Alternatively, you can take our three-year Environmental Social Sciences degree, without a work placement. For details, see Environmental Social Sciences BA (Hons).
Field trips
A number of our modules include opportunities for learning and experiences outside of the classroom through field trips in the UK and abroad. Potential local excursions are:
Food and farming systems in East Kent
High Weald Area of Outstanding Natural Beauty
Margate
Ashford Community Woodland, local nature reserve
Forestry management on the North Downs
Broadstairs
Powell Cotton Museum
Students on the Tropical Ecology and Conservation module spend two weeks at the Danau Girang Field Centre in Borneo . You’ll explore the beautiful, picturesque rainforest before venturing deeper into the jungle to the field studies site. The Centre is located in an area where huge swathes of jungle have been removed and replaced by plantations. You work on the front line between managing the needs of the community and the impact on biodiversity.
These opportunities may change from year to year and may incur additional costs. See the funding tab for more information.
Study resources
The School of Anthropology and Conservation has excellent teaching resources including dedicated computing facilities. Other resources include:
conservation genetics laboratories
ecology laboratory
field trials area and field laboratory
a state-of-the-art visual anthropology room
an ethnobiology lab for studying human-related plant material
refurbished computer suite with 32 PCs with HD screens
upgraded visual anthropology suite with 16 iMacs
an integrated audio-visual system to help provide stimulating lectures
student social spaces
Extra activities
The Conservation Society and Anthropology Society are run by Kent students and are a good way to meet other students on your course in an informal way. Student societies also work with local organisations and charities providing lots of opportunities for volunteering, community work and outings.

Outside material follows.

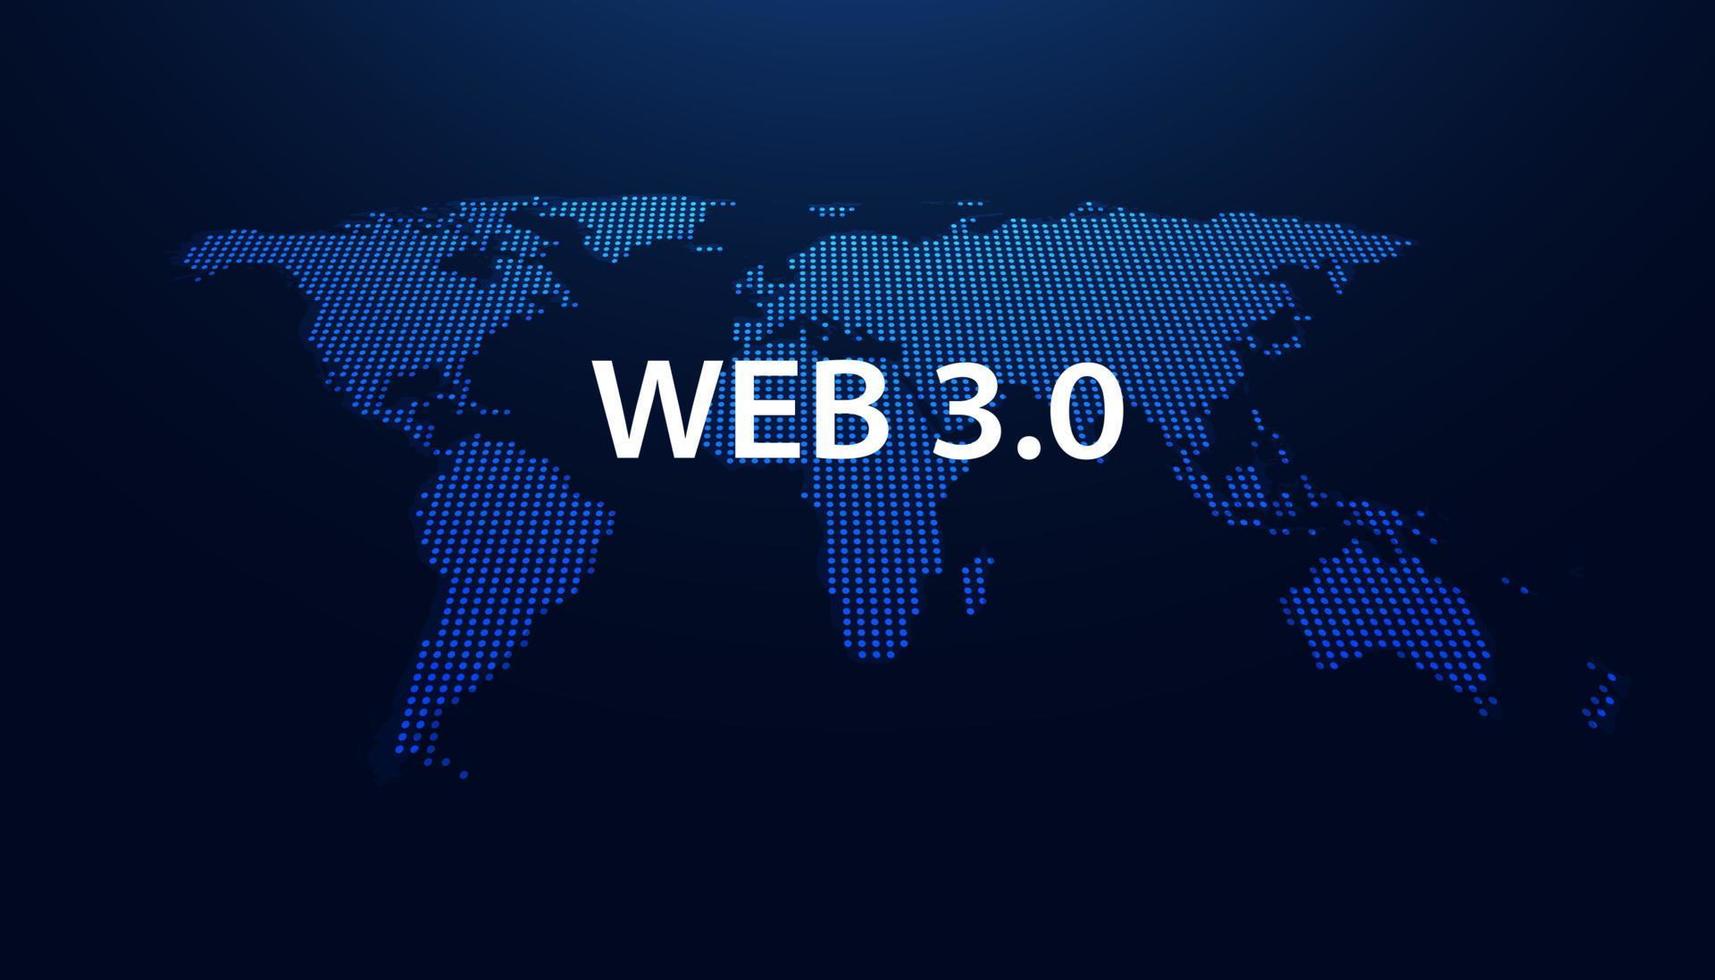 tecnologia de mapa abstrato pontos azuis conceito moderno da web 3.0 é o acesso gratuito a informações ou serviços sem intermediários para controle e censura. vetor

The School of Anthropology and Conservation puts on many events that you are welcome to attend. We host two public lectures a year, the Stirling Lecture and the DICE Lecture, which bring current ideas in anthropology and conservation to a wider audience. We are delighted that these events attract leading conservation figures from around the world.
Each term, there are also seminars and workshops discussing current research in anthropology, conservation and human ecology.
Durrell Institute of Conservation and Ecology
This programme is taught by members from across the School, including the Durrell Institute of Conservation and Ecology (DICE) research centre. DICE is a leading international research and training centre dedicated to the conservation of biodiversity and ecosystems around the world.
DICE was founded in 1989 with a clear mission: to conserve biodiversity and the ecological processes that support ecosystems and people. It does so by developing capacity and improving conservation management and policy through high-impact research. That is why DICE is in a School that does research and teaching in anthropology alongside conservation.
One component of DICE’s work is to train a new, interdisciplinary generation of conservationists who think innovatively about the challenges that lie ahead. As undergraduates, you are part of a dynamic and growing community of conservationists whose work spans all major regions of the world.